What the Pembroke officials want, however, is a normal D-I schedule, and that was part of the message Reardon, Pembroke School Board Chairman Tom Serafin and Suzanne Klink, the high school’s athletic director, delivered Thursday.
“I think it was encouraging because the administration, all the way up to the chair of the school board, understands that this is not right,” Taylor said. “They are vigorously going to defend their position and the integrity of the school, so I thought that was great.”
After meeting with parents Thursday, Reardon met with players Friday.
“We emphasized that we wanted them to be patient and maintain their decorum, that we’re working on this, it’s political, and that we’re committed to getting them a schedule for next year so they can compete,” Reardon said. “And I told them to keep practicing basketball and let us worry about this other stuff.”
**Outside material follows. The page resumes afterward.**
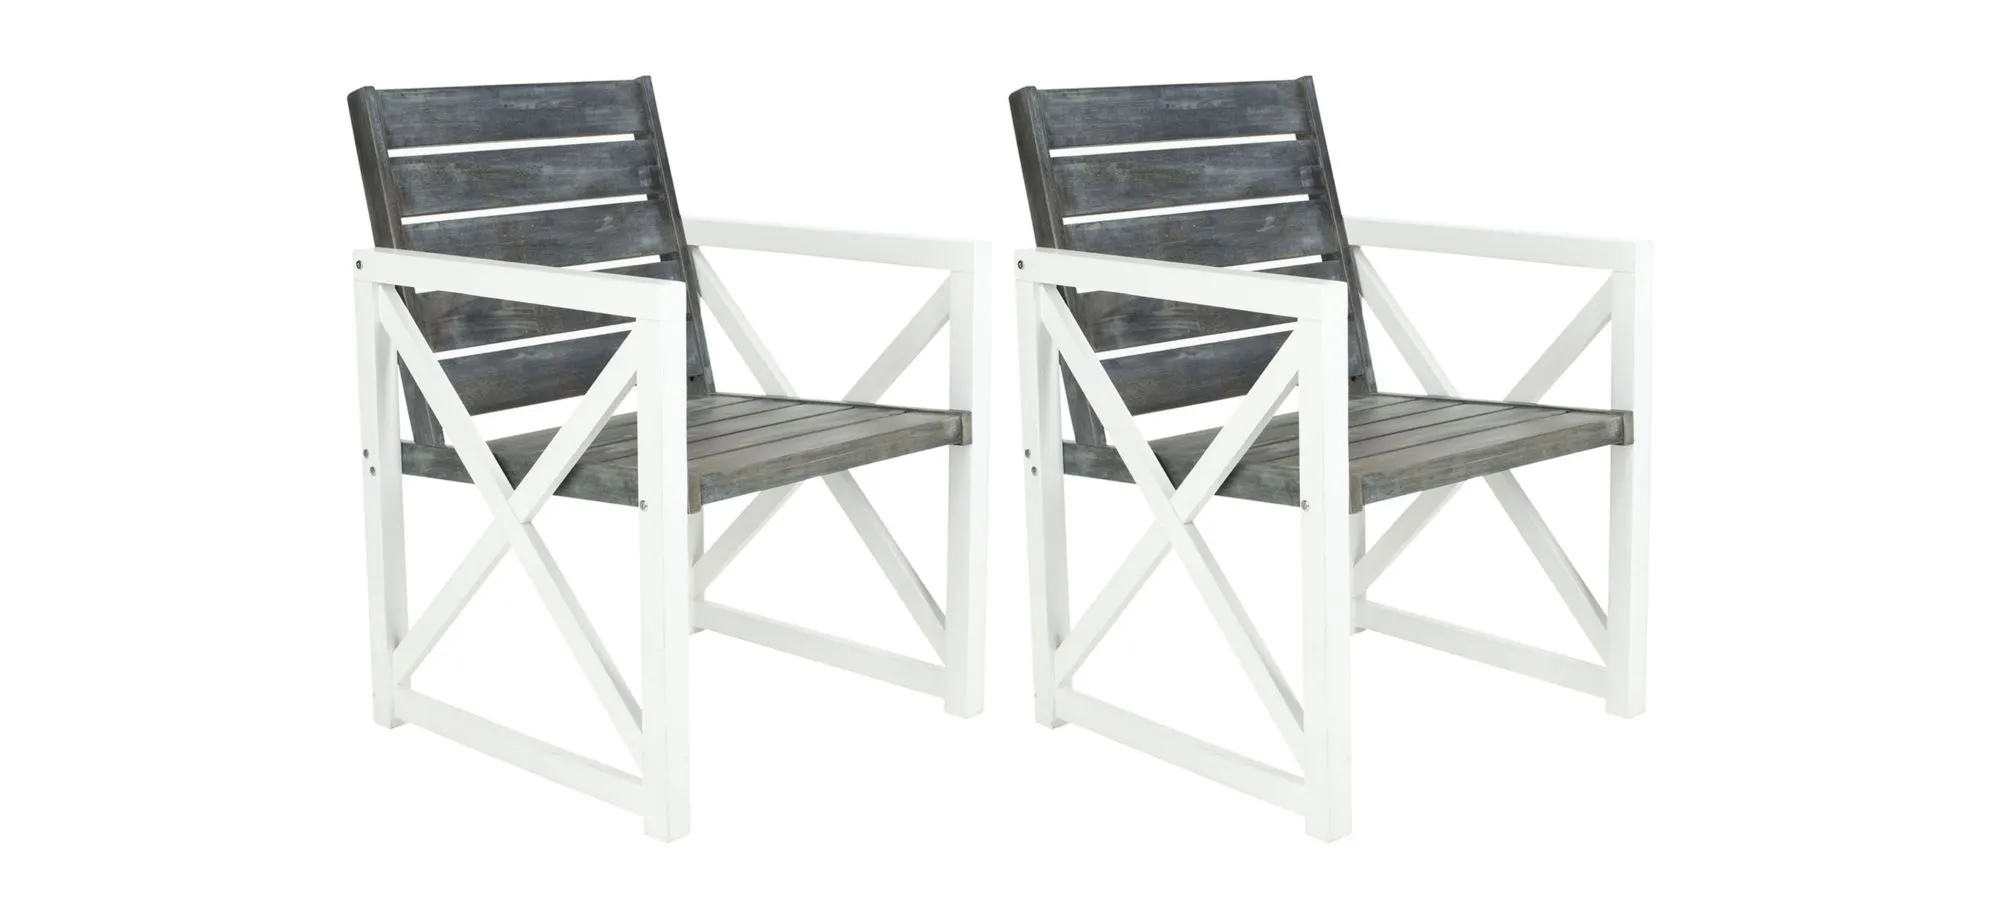 Bertie Outdoor Armchair - Set of 2 in Taupe Stripes by Safavieh

Reardon said the school wants to find “someone to look at the facts of the matter and not just innuendo and rumor,” though he’s not sure what the next step in that process will be. But he did add that “we’re trying to find a new attorney because our usual attorneys are also attorneys for some of these Division I schools, so it’s a conflict of interest. So we’re looking for someone who is not in that bind to give us some advice. But the lawyer business is a fallback position; we’re looking for other ways to address this first.”
The administrators also informed the parents Thursday that they will not fire Coach Matt Alosa, a position that received support.
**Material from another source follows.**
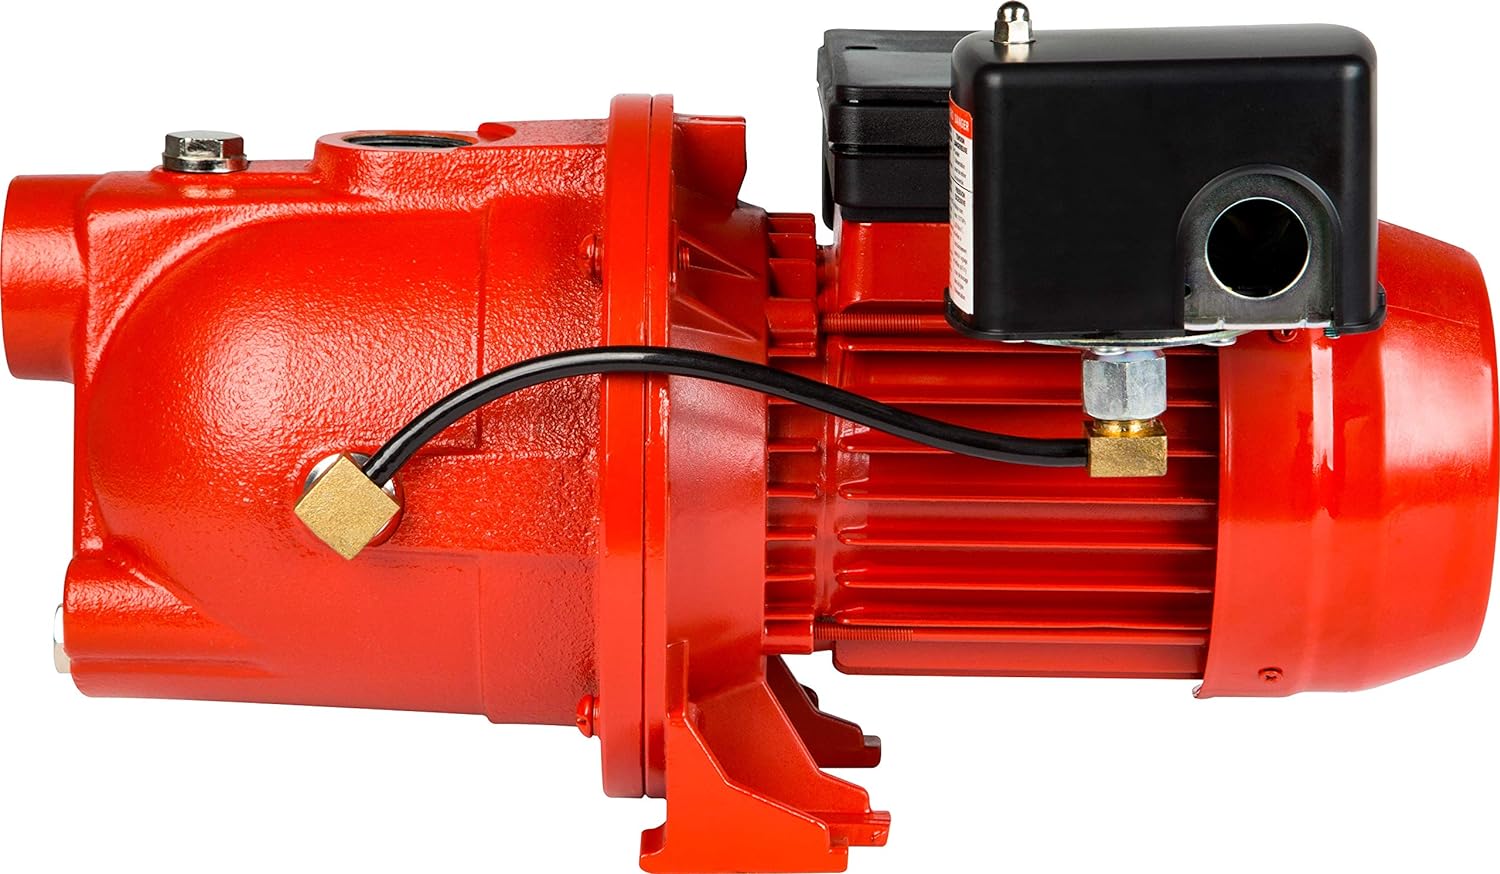 Red Lion RL-SWJ50 1/2 HP, 12.6 GPM Dual Voltage (115/230 Volts) Cast Iron Shallow Well Jet Pump, Red, 97080502

“They told us they were going to keep Matt Alosa, and I think everyone was on board with that because we all know he’s a good guy,” Beaucher said.
Retaining Alosa may not win Pembroke any points with the D-I administrators, however. Reardon said that at his recent meeting with the D-I group, one of the athletic directors said, “You need to fire Matt Alosa,” after Reardon had asked what he could do to solve the scheduling problem. Alosa and his father, Frank, are part of the controversy in part because they run the Granite State Raiders AAU basketball program, and both Presutti and Wilson, along with three players who transferred to Pembroke in 2011, play in that program.
That connection between the Raiders and the transfer students has spawned talk of recruiting and improper transfers. Taylor, who moved his family from Belmont to Pembroke in 2011, vehemently denied that anything of the sort took place with Cameron, who has played for the Raiders since he was in fifth grade.
“There was never a single conversation, no implied recruiting with a wink or a nod, there was never a discussion of any kind, that’s a fact, and I never heard a discussion with anybody else who transferred in,” said Taylor, who also said his family moved to Pembroke for multiple reasons.
While it seems clear that the Pembroke parents, players and school officials are unified, just where that unity may lead is still in question.
“I think we’re in a good place in terms of our community,” Reardon said, “but we are not in a good place in terms of our basketball future right now, and that’s what we have to address.”
The solution appears obvious to at least one parent.
“I think everyone should be sitting down at a table and saying, ‘How do we get the kids to play? We have personal differences, there are concerns, how do we address the concerns?’ ” Beaucher said.
“If there’s a group of people in Division I who have concerns about what’s been talked about, let’s bring the proof to the table. If it’s just speculation, let’s bring that speculation to rest and let’s get the kids on the schedule and let them play some ball.”